The plaintiffs thereafter petitioned the Commission for leave to present additional evidence. This request was denied on the grounds that the evidence sought to be added was available at the time of the original hearing and would only be cumulative.
The scope of review of this Court is limited to the question of whether the Commission’s decision is supported by substantial evidence on the record. This is particularly true in the area of rate-making. Ringsby Truck Lines, Inc. v. United States, 263 F.Supp. 552 (D.Colo. 1967), appeal dismissed, National Small Shipments Traffic Conference, Inc. v. Ringsby Truck Lines, 389 U.S. 576, 88 S.Ct. 689, 19 L.Ed.2d 775 (1968); Mississippi Valley Barge Line Co. v. United States, 292 U.S. 282, 54 S.Ct. 692, 78 L.Ed. 1260 (1934); Central and Southern Motor Freight Tariff Association, Inc. v. United States, Civil Action No. 1284 (N.D.Ga., June 9, 1969).
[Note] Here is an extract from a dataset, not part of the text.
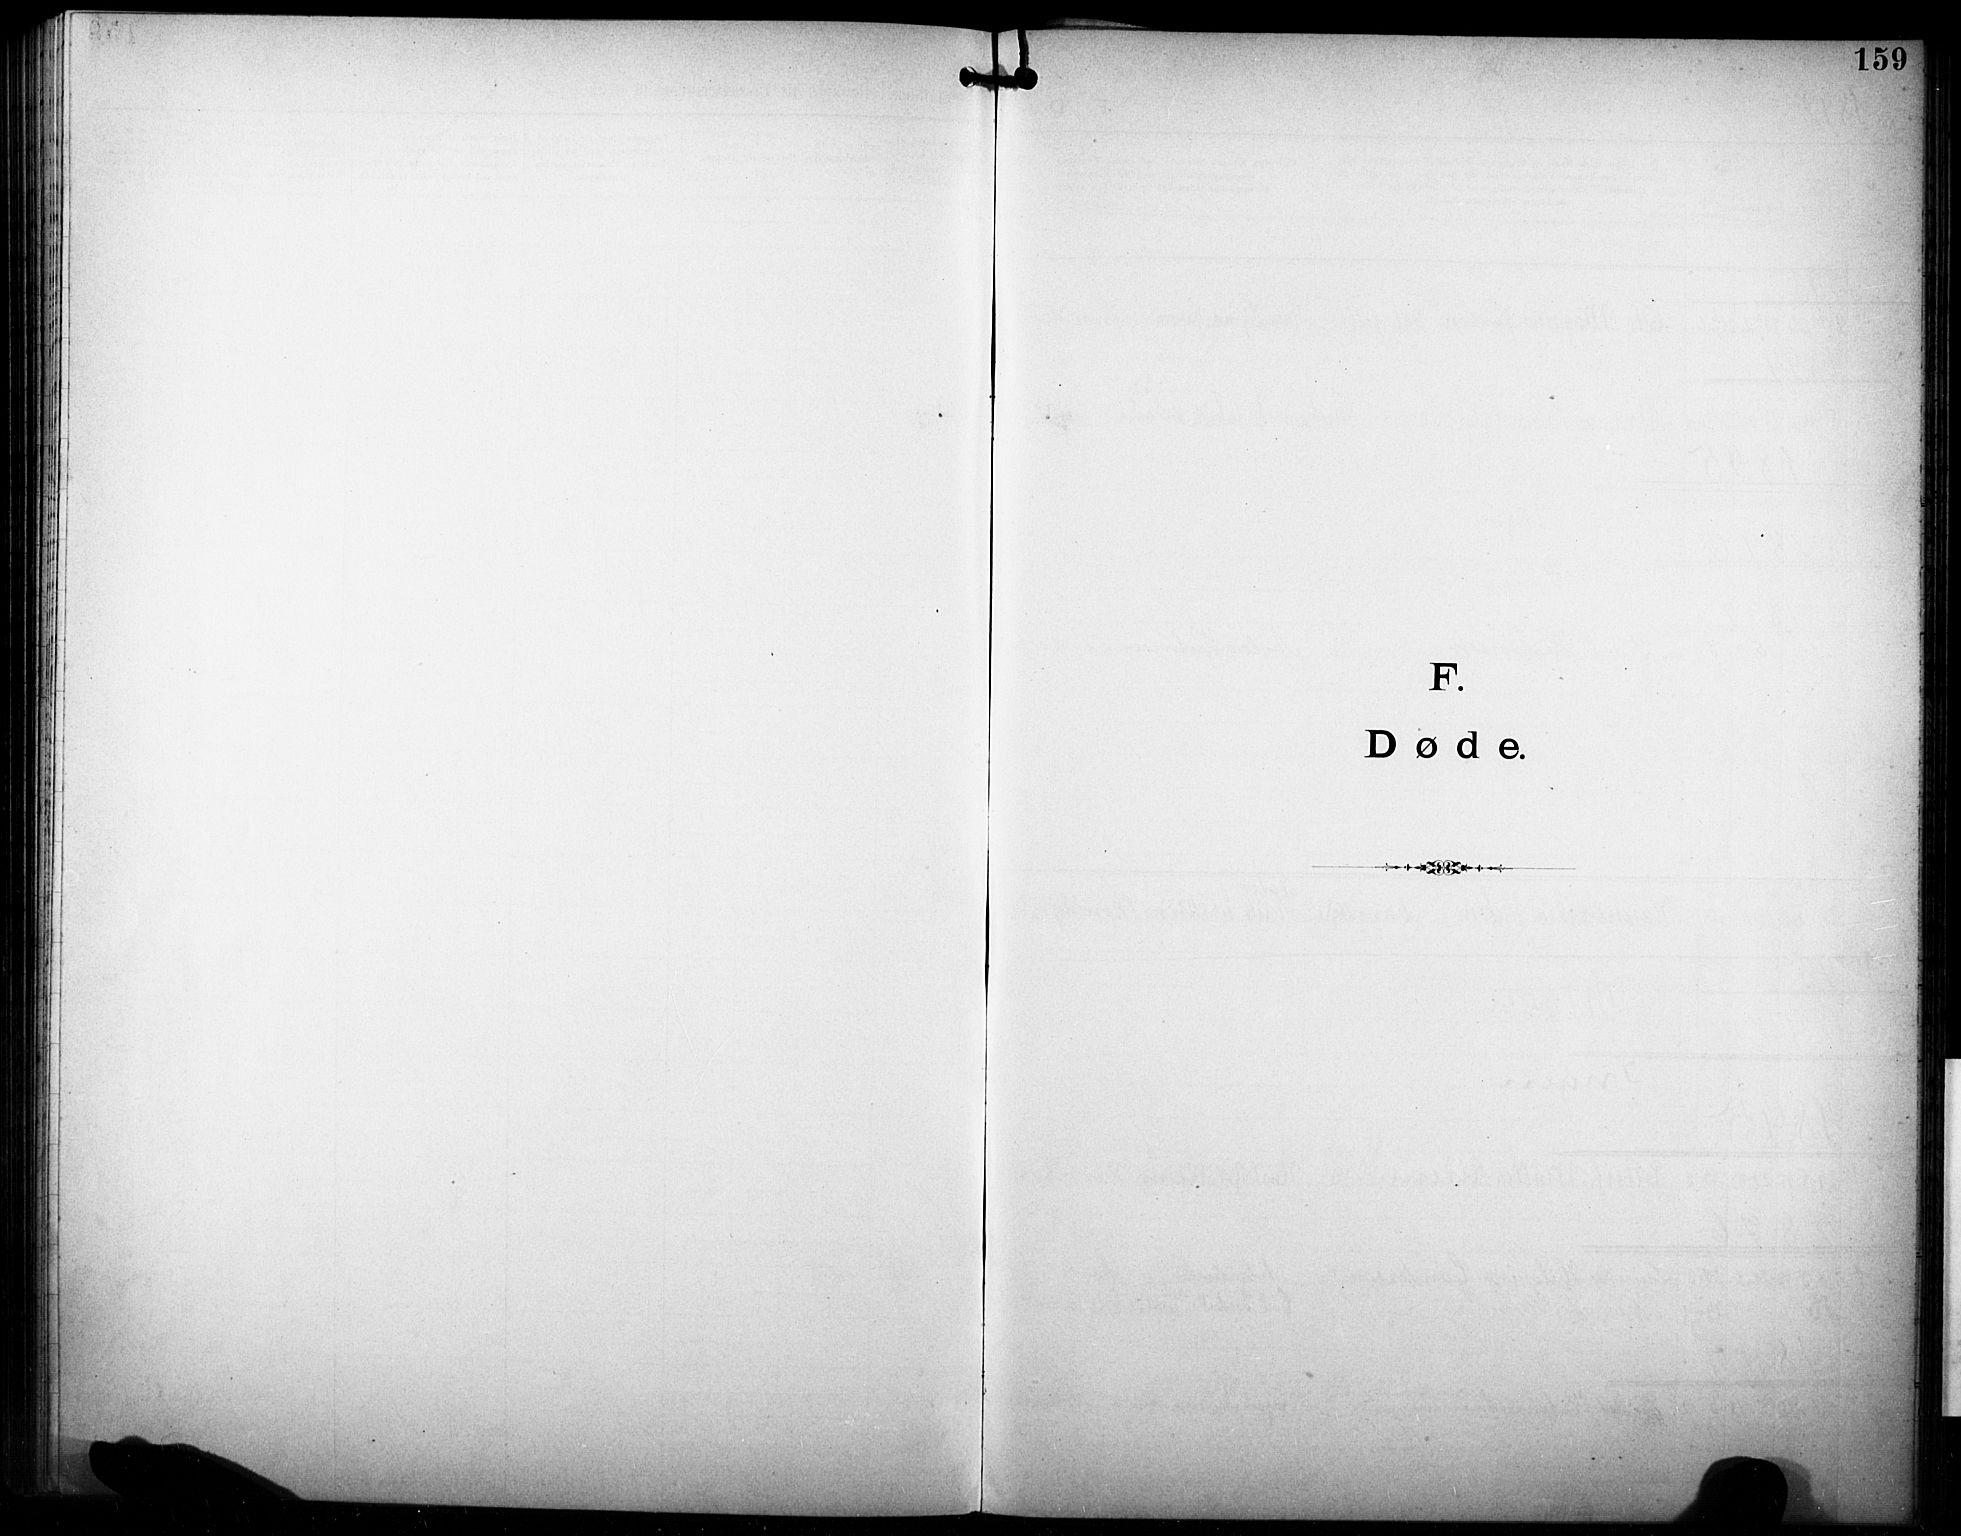 SAKO, Den katolsk-apostoliske menighet i Larvik, F/Fa/L0001: Dissenterprotokoll nr. 1, 1892-1933, s. 159

After a consideration of the record, the briefs and the oral argument of counsel, the Court is convinced that the action of the Commission is amply supported by the record.
Therefore, it is
Ordered:
1. The order of the Interstate Commerce Commission is upheld.
2. The temporary restraining order is dissolved.
3. This action is dismissed, with prejudice, and at the cost of the plaintiffs.